> [To do]: Set down without change every line from the line that contains "アンディウォーホル ピカソ 石版画、リトグラフ" through the end of the listing, and only those lines. No pictures.

> [Source material]:
>>>
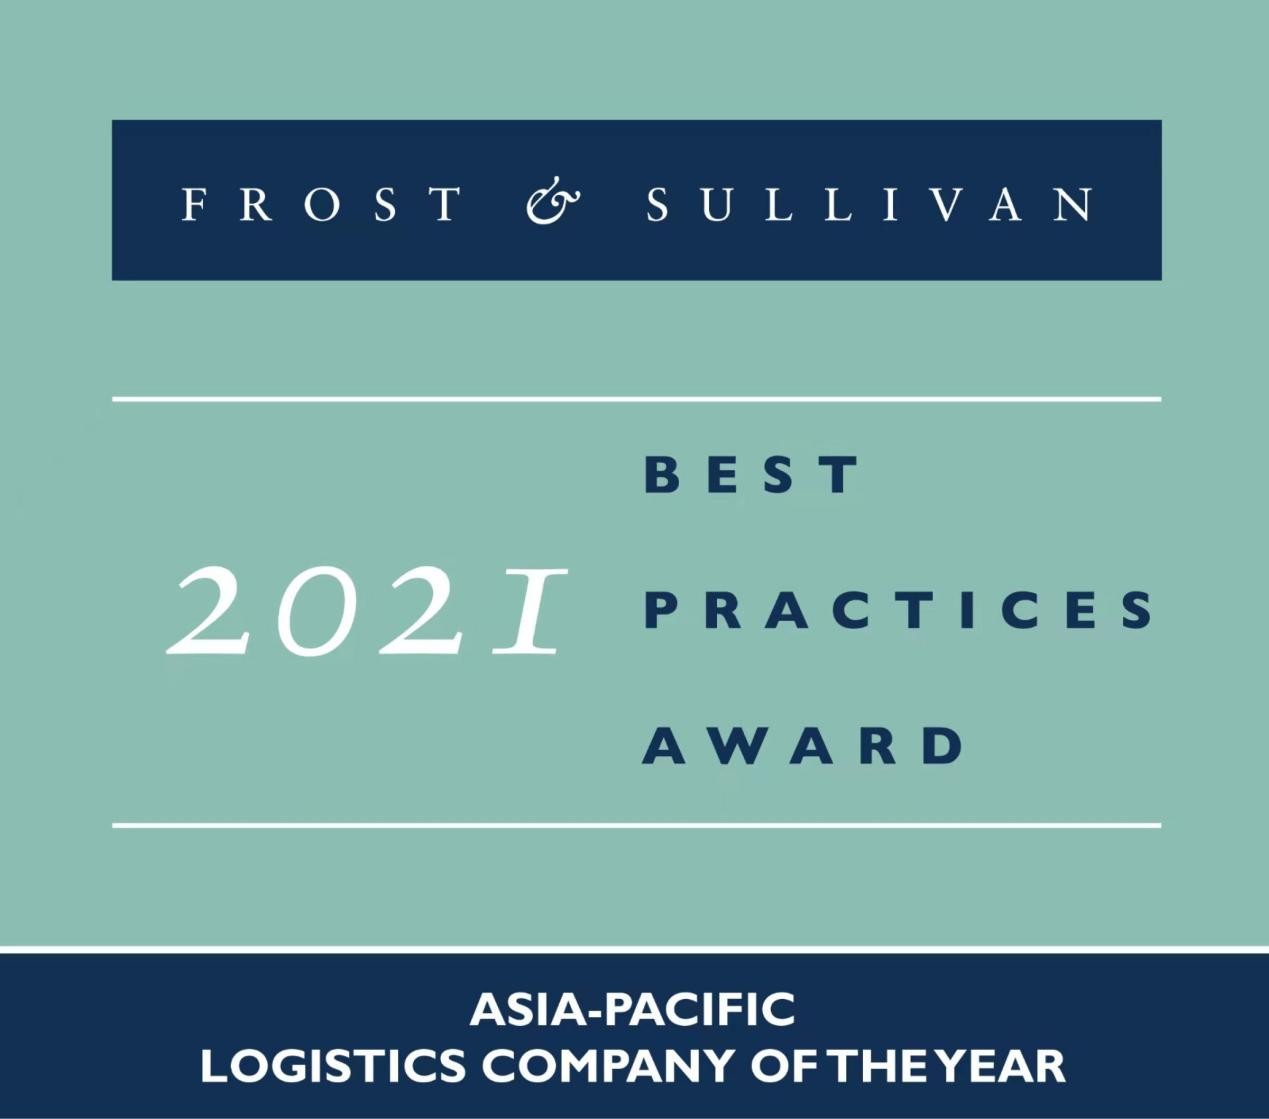 嘉里物流联网连续第五年蝉联Frost & Sullivan亚太区最佳实践奖
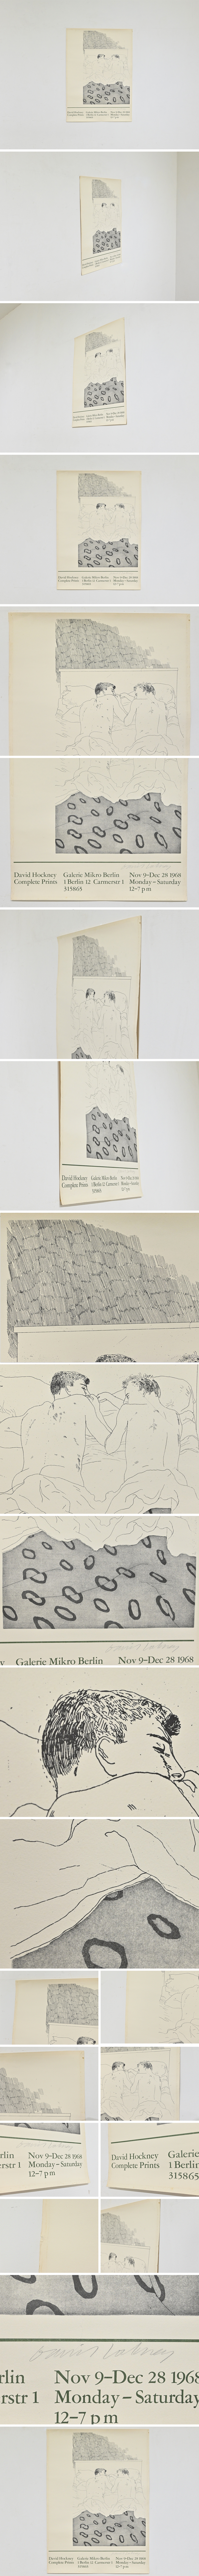 【HOT特価】デイヴィッド・ホックニー リトグラフポスター 1968年 Galerie Mikro 直筆サイン入り 真作保証/マティス アンディウォーホル ピカソ 石版画、リトグラフ
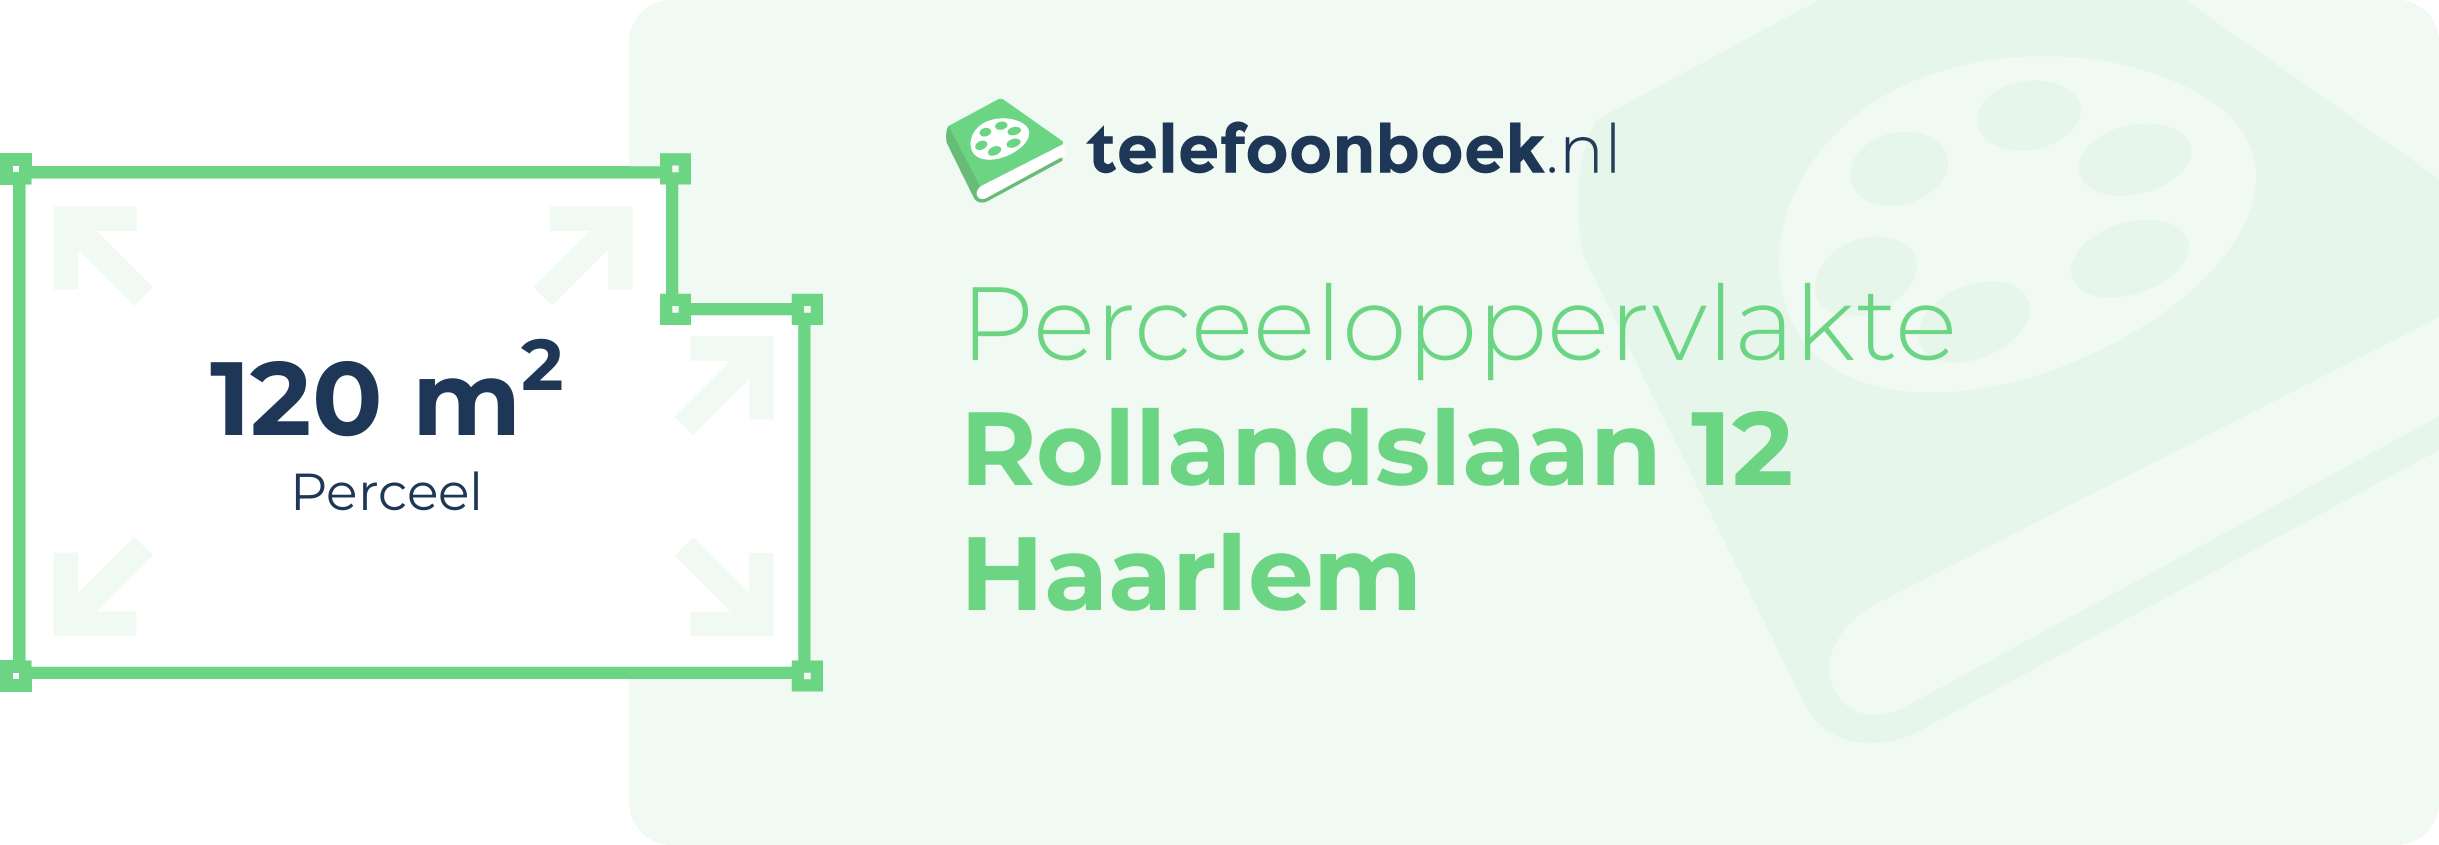 Perceeloppervlakte Rollandslaan 12 Haarlem
<<<
> [Response to this exercise]:
 【HOT特価】デイヴィッド・ホックニー リトグラフポスター 1968年 Galerie Mikro 直筆サイン入り 真作保証/マティス アンディウォーホル ピカソ 石版画、リトグラフ
 Perceeloppervlakte Rollandslaan 12 Haarlem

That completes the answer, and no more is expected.